A powerful geomagnetic storm is reasonably likely to occur within this century, and it could destroy data stored on magnetic media, like hard drives. One form of backup against this possibility is to store data on long-lasting optical discs. This is probably mostly foolproof, but it's still vulnerable to format rot of software or hardware to read the optical format (although presumably archivists of the future will have solutions to these problems; after all, people still play decades-old video games using emulation). Digital storage might have other unknown-unknown risks as well.
Backing up on paper is fairly robust because you can see the data in a non-cryptic format, so unless the paper is lost/destroyed or the ink fades, this backup option seems unlikely to fail.

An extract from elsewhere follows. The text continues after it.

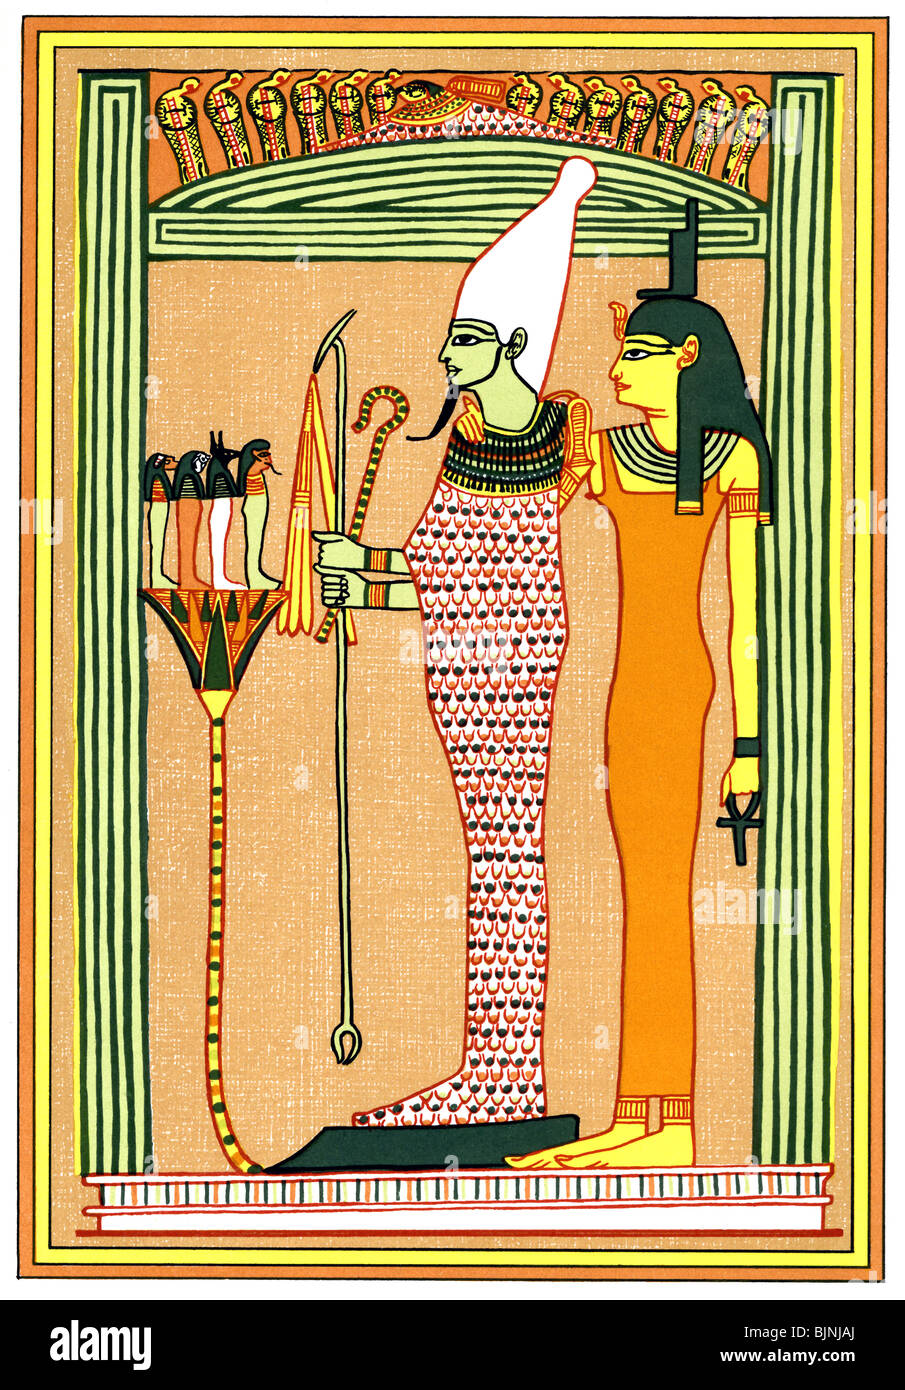 Osiris, le dieu égyptien de la fertilité et de la mort, porte la couronne blanche de Haute Égypte et tient le sceptre, Crook, le fléau. Banque D'Images
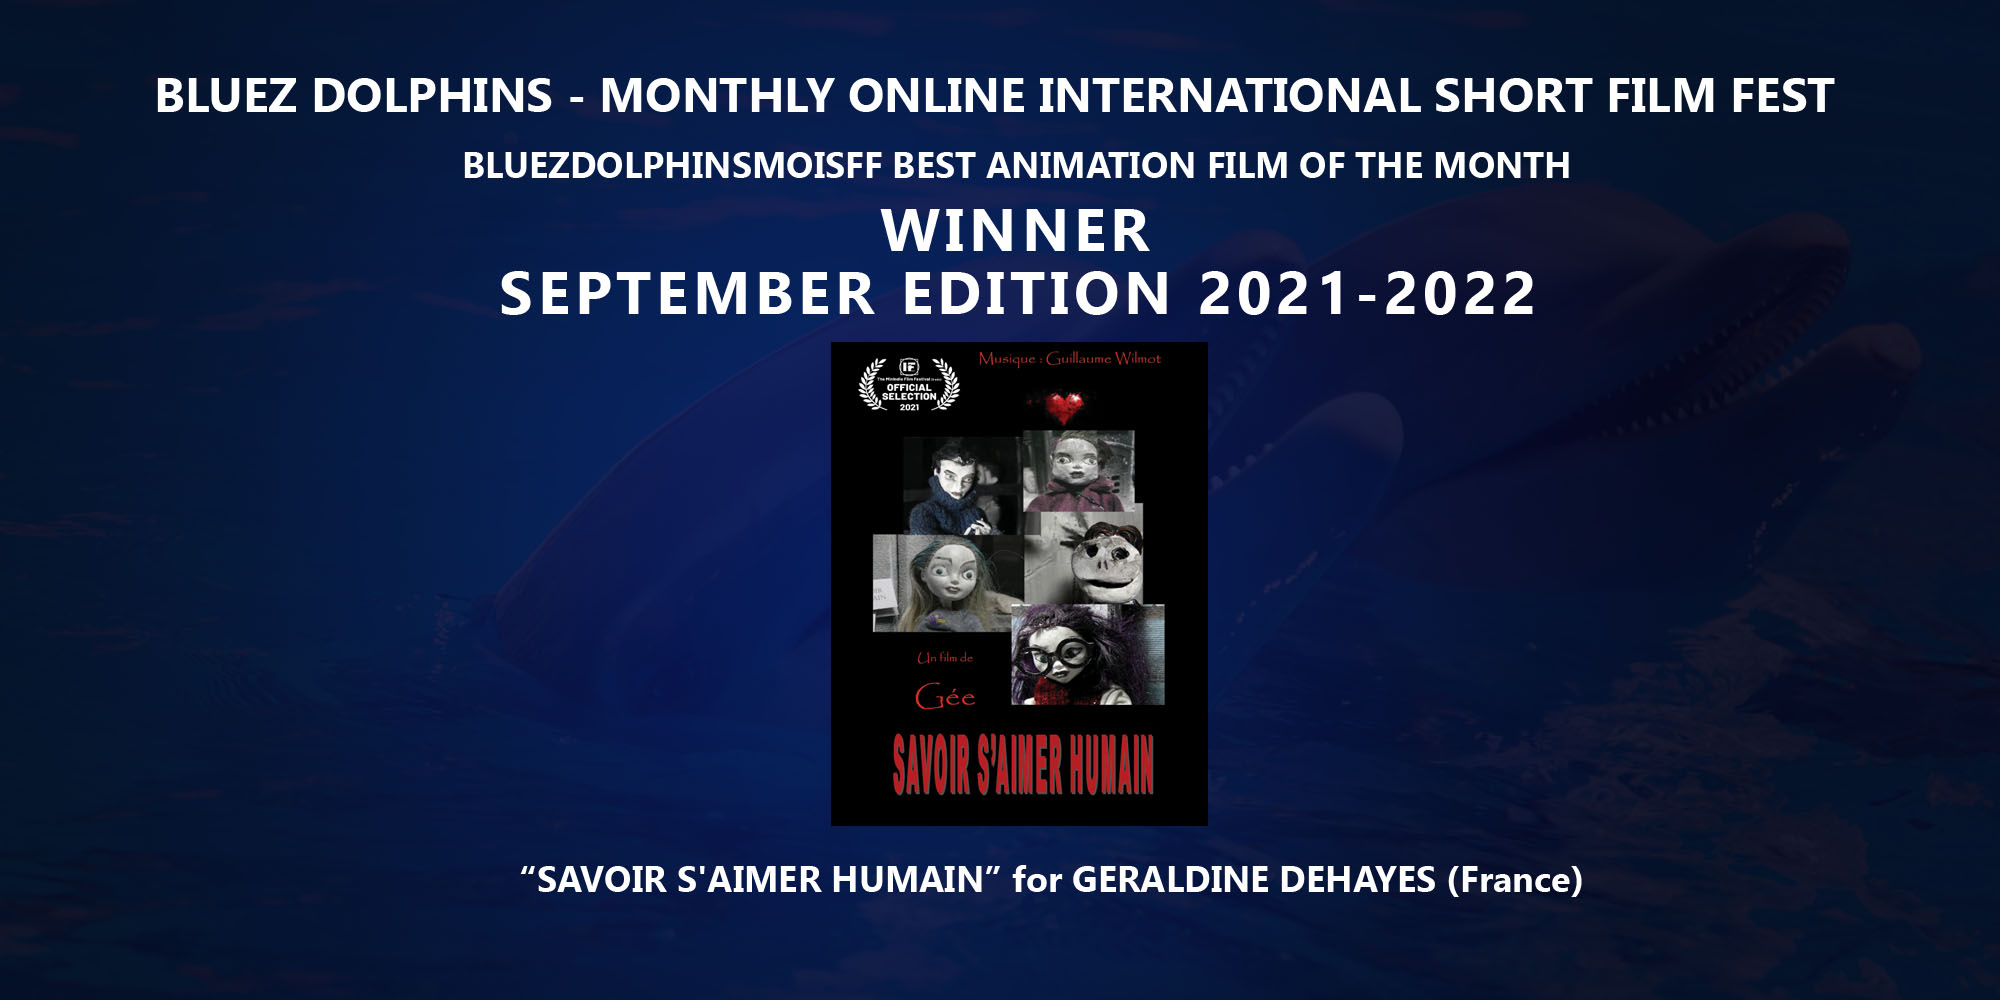 Award Winner September 2021

Of course, paper backups are more of a pain to use for recovery than are backups already in electronic format, but presumably paper backups could be scanned and read back into electronic text using OCR.
Gathering the website's text
Method 1: Download website and extract relevant HTML
My preferred way to back up a website is as follows. First, download the website using a program like HTTrack and SiteSucker. Second, run extract_valuable_HTML_from_WordPress_site_download.py (or a similar program of your own) on the website-download folder. For example, if the downloaded website is in a folder
mywebsite/, then put the Python program in the same folder as that folder and run
python extract_valuable_HTML_from_WordPress_site_download.py mywebsite
This will create a single output file
mywebsite_extracted.html containing all the interesting HTML contents from your website without most of the extra boilerplate stuff that WordPress adds to each HTML file. You can open this
.html file in a browser to examine the contents.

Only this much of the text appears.